The peculiar nature of the spectra for this star was noted in the Henry Draper Catalogue and was the subject of a study by W. P. Bidelman published in 1950. He found extremely weak lines of hydrogen, similar to those for Upsilon Sagittarii but at a lower temperature. The data strongly suggested the star has an abnormally low abundance of hydrogen in the stellar atmosphere. Bidelman noted that the radial velocity of the star is variable, demonstrating that it has an unseen companion. Preliminary orbital elements for this single-lined spectroscopic binary were published in 1955 by J. F. Heard and O. Boshko, giving an orbital period of 359.7 days and with eccentricity of 0.27. They found a large mass function of 4.5, suggesting that the supergiant has lost mass and the companion is relatively massive. The mass function was revised to 3.6 in 1988, suggesting the secondary is five times more massive than the primary. Although the Gaia parallax is small (and the Hipparcos parallax is negative), KS Persei is thought to be less than 1,000 pc away. Older studies have suggested distances up to 3,900 pc.

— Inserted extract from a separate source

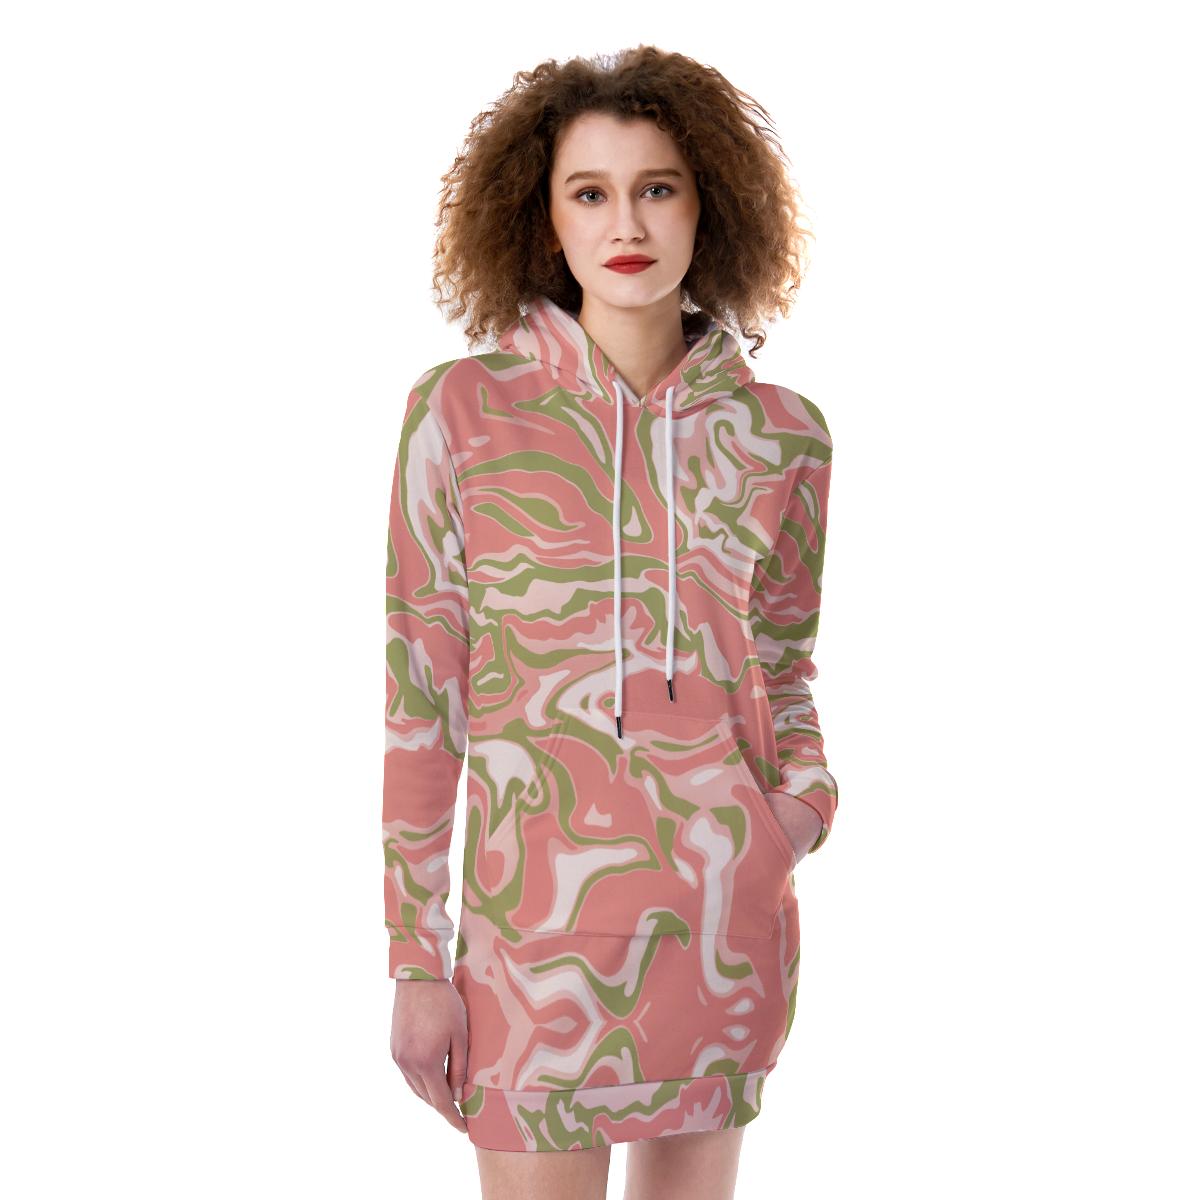 Coral Pink Camo Camouflage Abstract Liquid Print Women's Long Hoodie With Plush Fleece

An analysis by G. Wallerstein and associates in 1967 showed that nitrogen is the second most abundant element in the primary, likely as a result of carbon cycling. G. A. Bakos attempted to photometrically detect an eclipse but was unsuccessful. However, he did tentatively detect semiregular variation with a period of ~30 days and an amplitude of 0.1 magnitude. This variability was confirmed by K. Morrison and G. P. H. Willingale in 1987, and they discovered an additional five day cycle. In 1982, J. S. Drilling and D. Schönberner detected a hot companion from spectra collected by the International Ultraviolet Explorer. The system is an infrared source, and models of the infrared flux suggest it is being emitted by circumstellar dust heated to 1100 K. It is possible that the companion is obscured by dust.